--- TASK DETAILS ---
Would you copy only the lines below, from the one containing "All-weather Boot Turquoise 24" through the very last one, leaving the pictures out?

--- DATA ---
◇ ◇ ◇

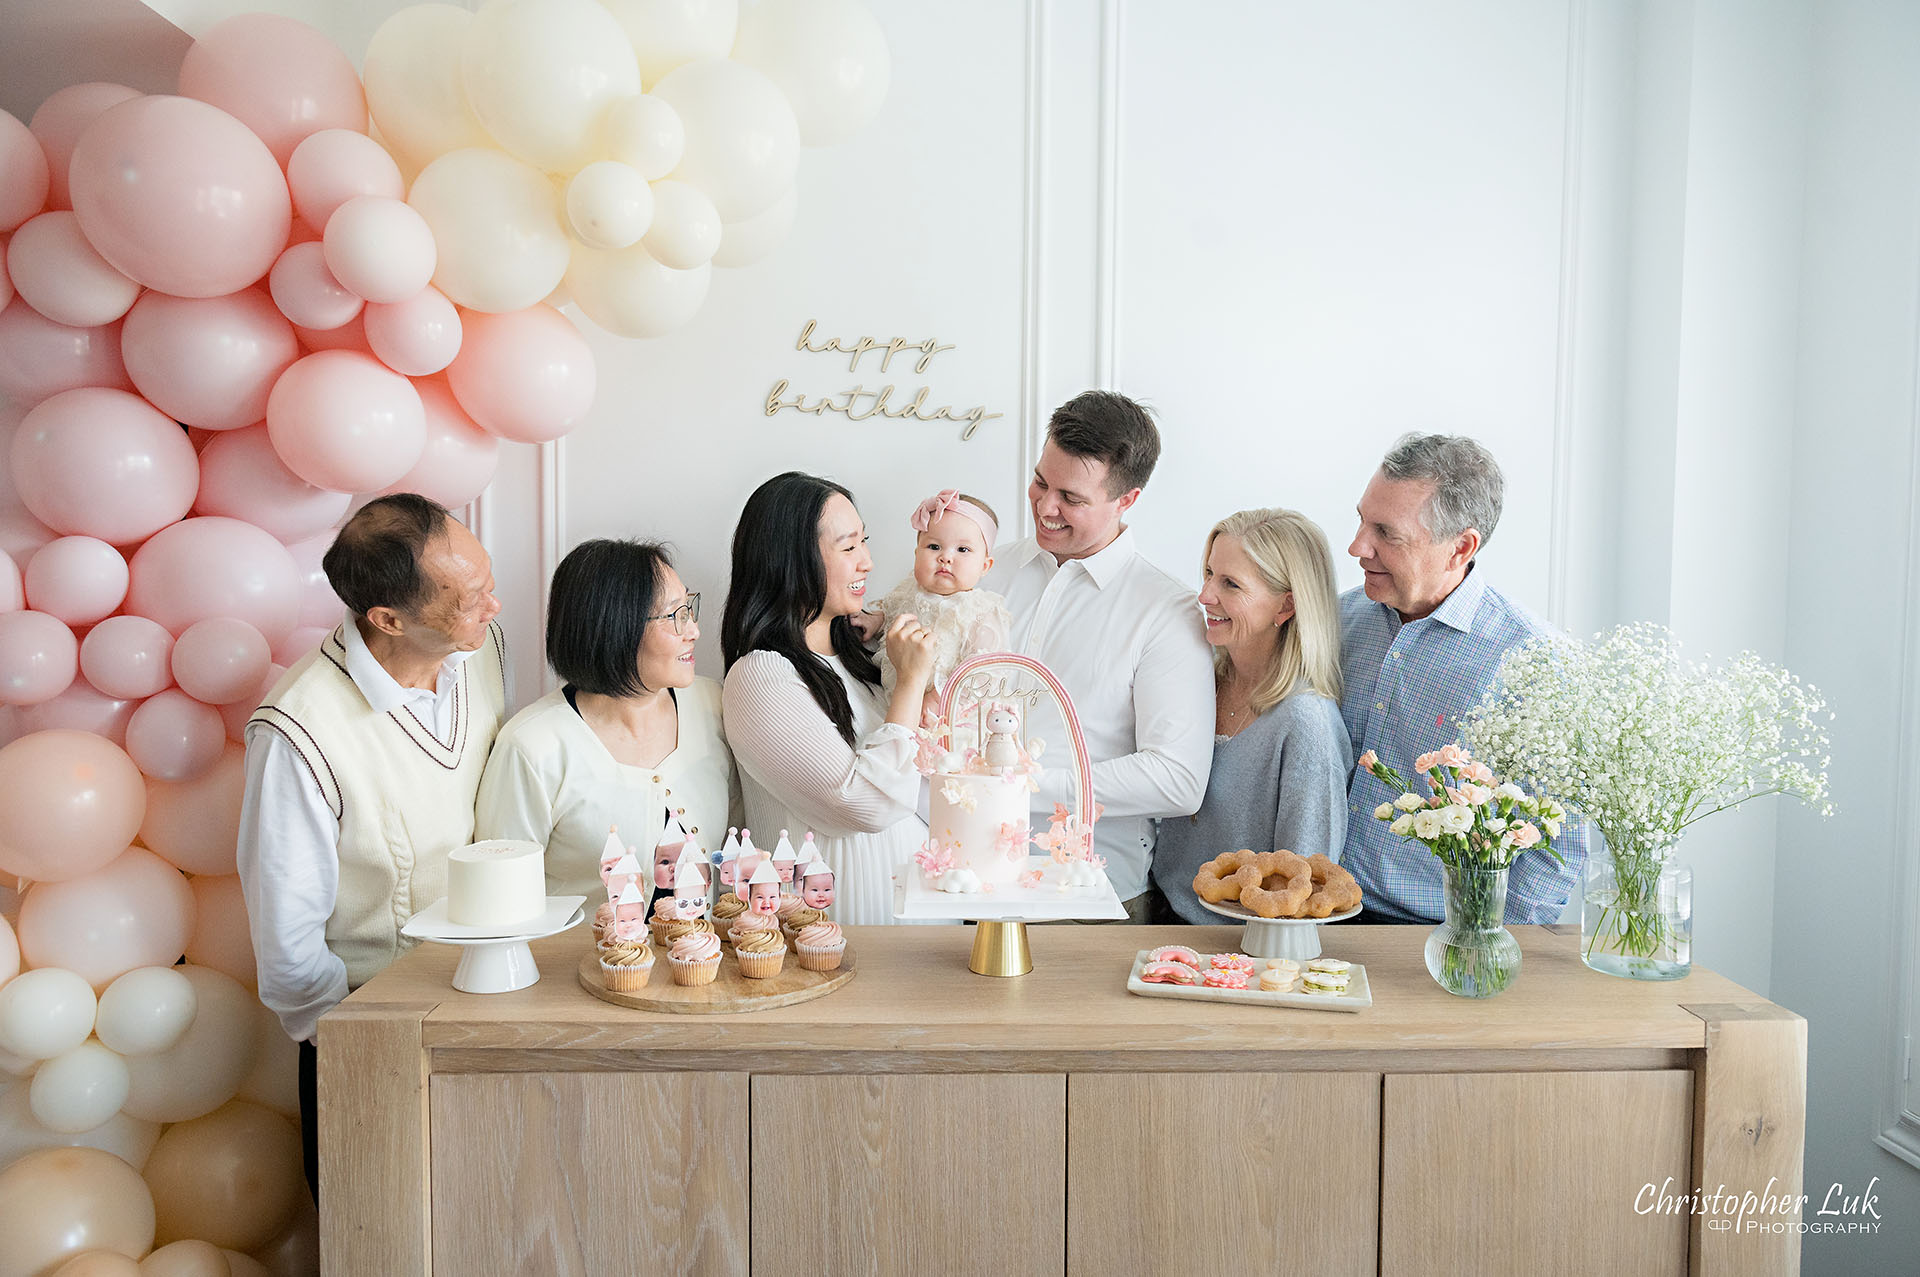 Dad Father Mom Mother Grandparents Grandmother Grandfather Daughter Baby Girl Birthday Family Picture Photo Candid Photojournalistic Natural 
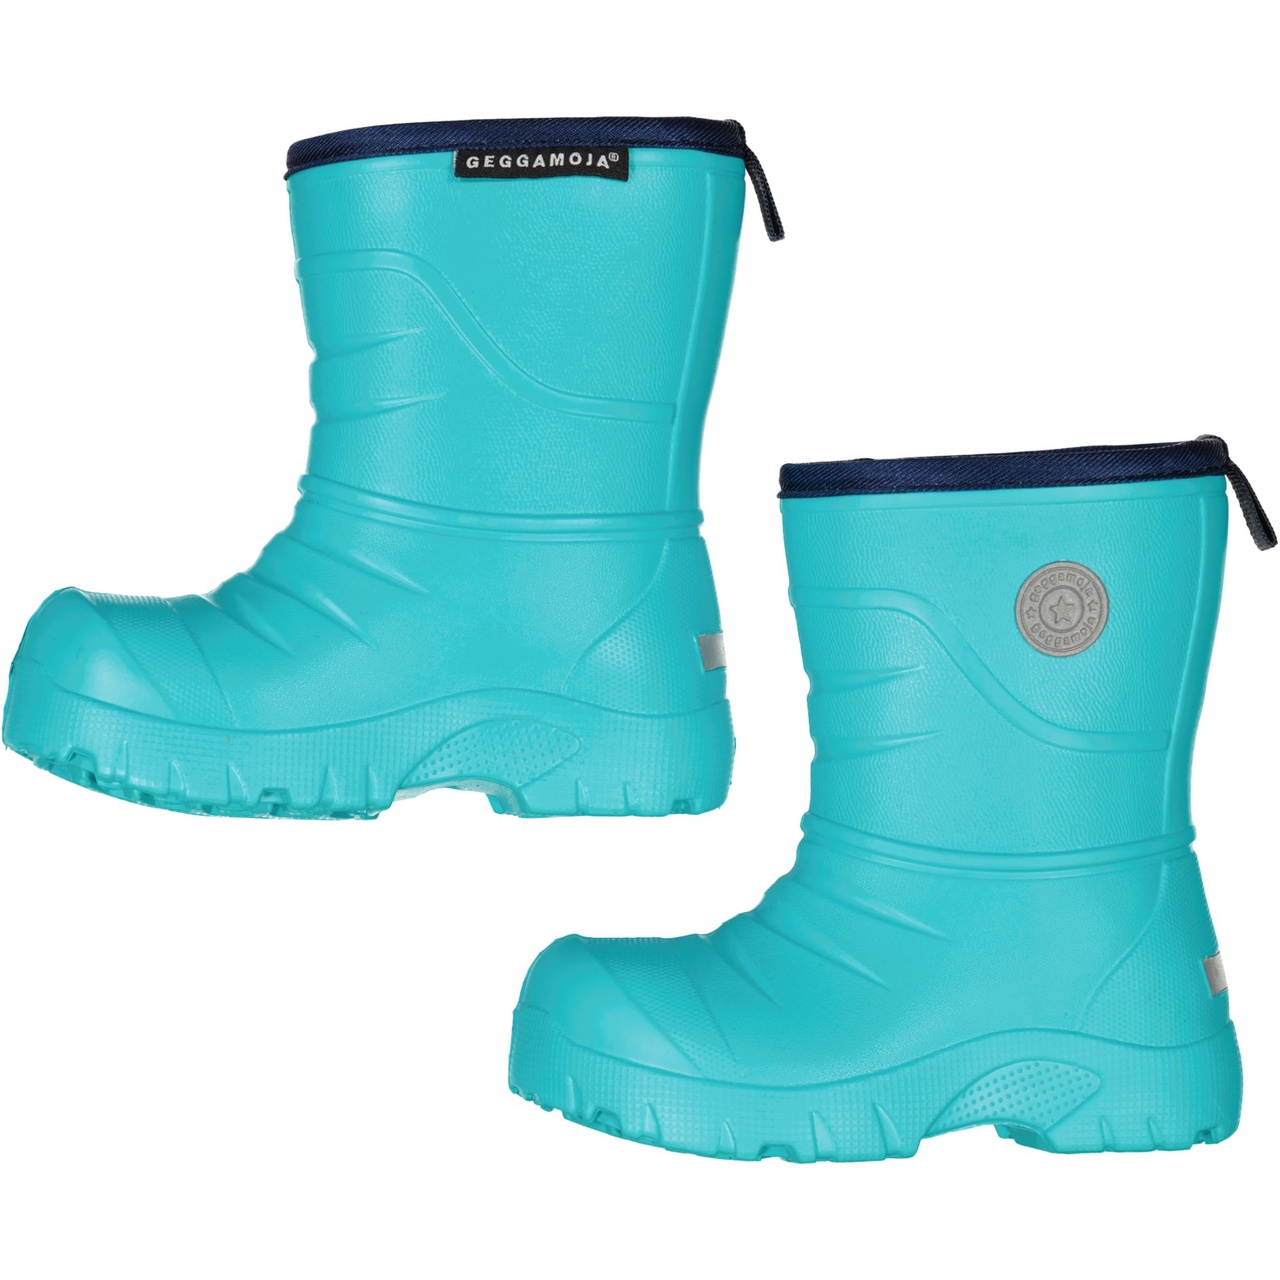 All-weather Boot Turquoise 24
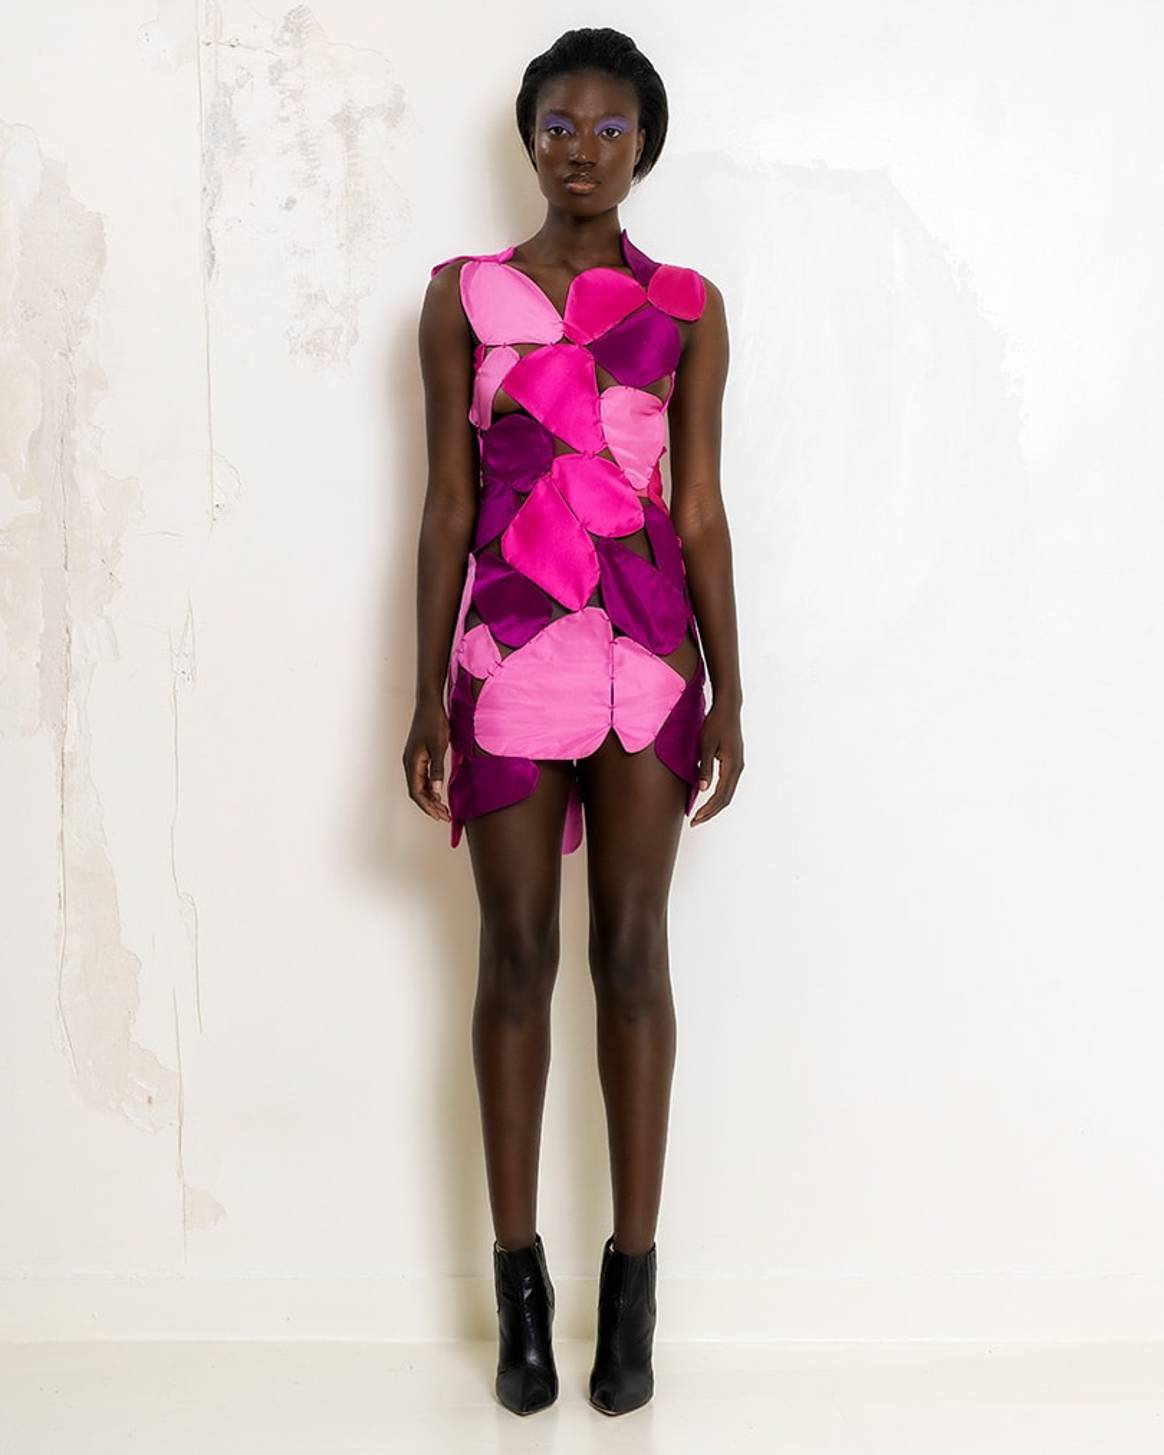 Imane Ayissi creates couture collection from scrap fabrics

◇ ◇ ◇

--- RESULT FOR THIS EXERCISE ---
 All-weather Boot Turquoise 24
 Imane Ayissi creates couture collection from scrap fabrics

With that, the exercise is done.